# Exporting Images from LR Mobile



## Colin PM (Apr 30, 2015)

Hi
I suspect this might be a limitation of Apples IOS but I wonder if anybody has a workaround for the following. Having edited some small (600KB) jpegs in LR Mob I would like to save these back to my iPad's camera roll or some other album so I can Airplay them via an Apple TV. The problem is that (the IOS?) will only let me share/save 4 at most at one go to the camera roll. If you select tick select more than this the option to save to camera roll is not there.

Cheers
Colin


----------



## johnbeardy (Apr 30, 2015)

What versions of the software are you using, Colin? I'm on iOS 8 and LrM 1.4 and was able to tap Share, swipe-select 10 pictures, and then send them to iCloud Photo Sharing - but Camera Roll is gone.

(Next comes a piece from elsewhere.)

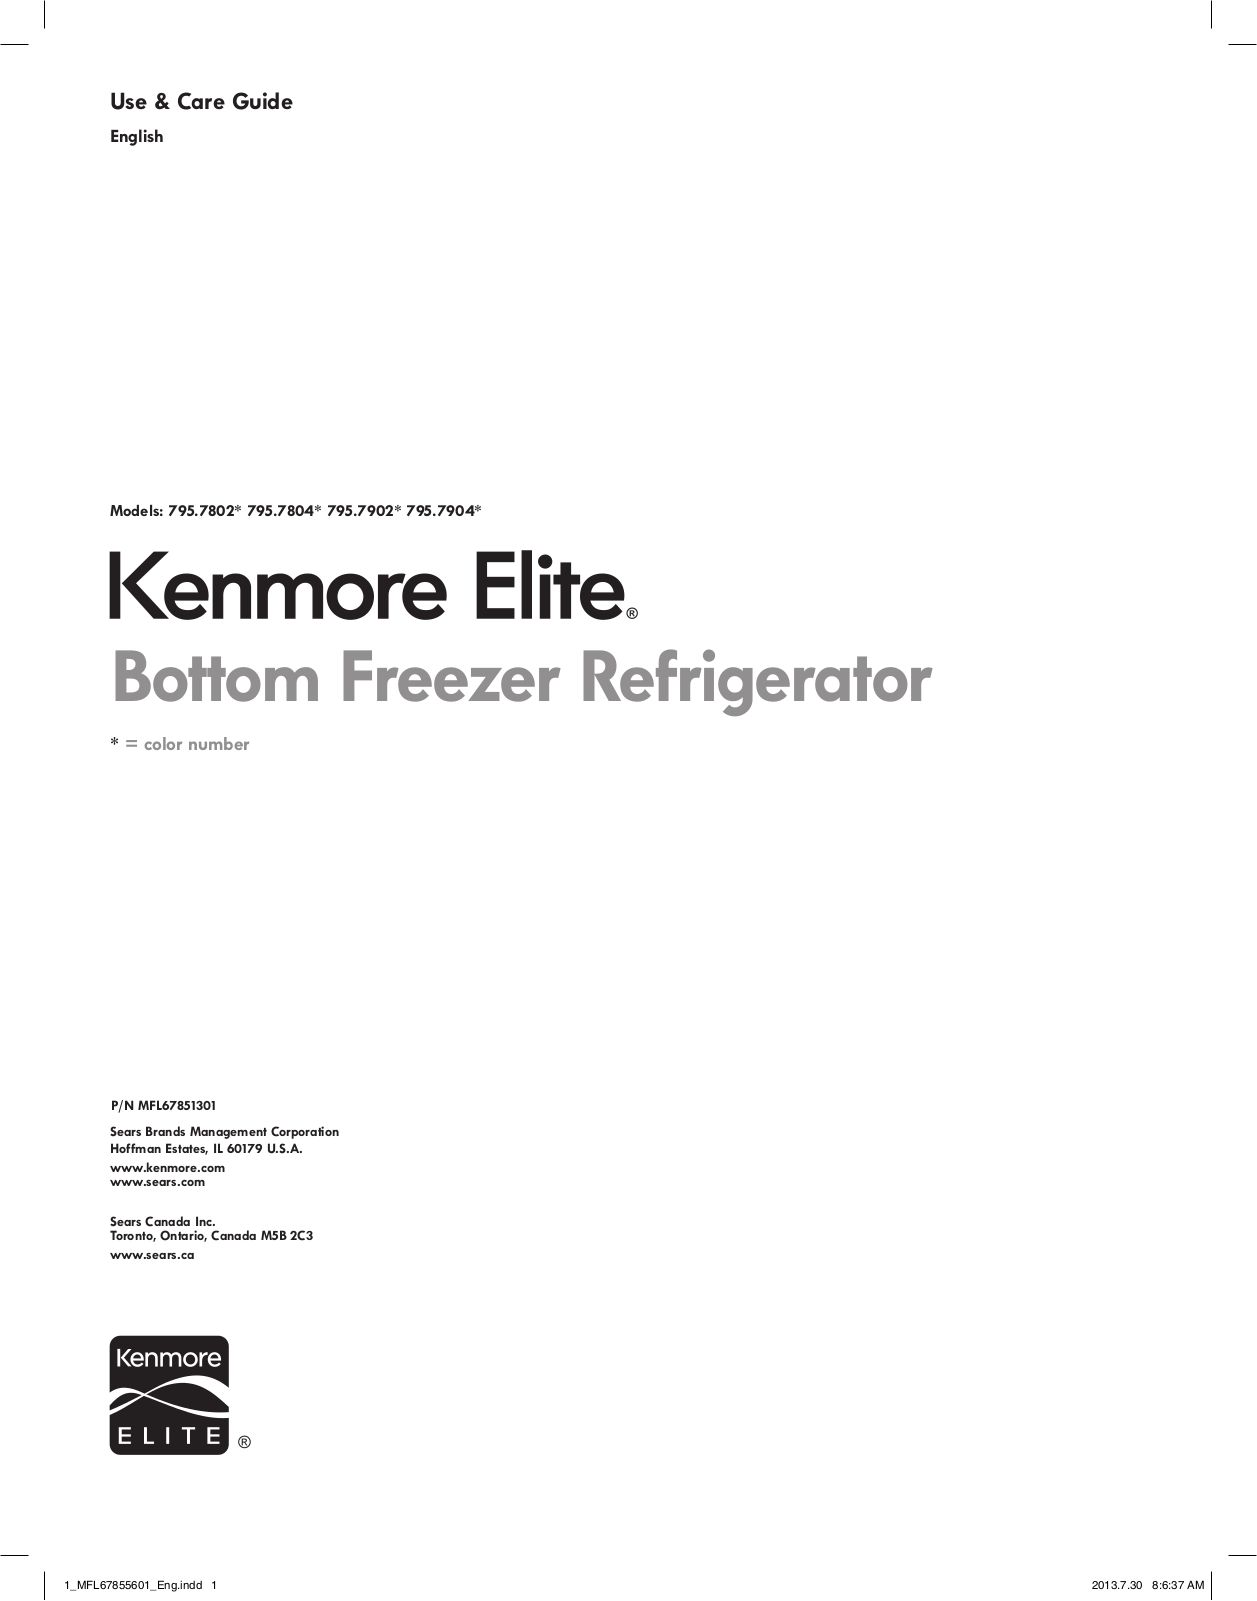 Kenmore Elite 24 cu. ft. Bottom-Freezer Refrigerator, Elite 22 cu. ft. Bottom-Freezer Refrigerator Owner's Manual

However, why do you need to leave LrM to use Airplay? I just do it directly in LrM.

John


----------



## Jim Wilde (Apr 30, 2015)

But answering the specific issue regarding saving to Camera Roll, I understand there's a 5 image limit, which is imposed due to memory limitations. But don't ask me what that means, I'm only passing on the info I received from another source.


----------



## Colin PM (Apr 30, 2015)

Thank you gentlemen for your replies. I have successfully uploaded images to iCloud Photo Sharing and shared the album with myself. This album I am able to full screen AirPlay. If I try to AirPlay from the LR Mobile screen it is of the mirroring variety and is constrained to the 4x3 iPad screen format. So a round the houses solution but the end result is what I needed, thanks.


----------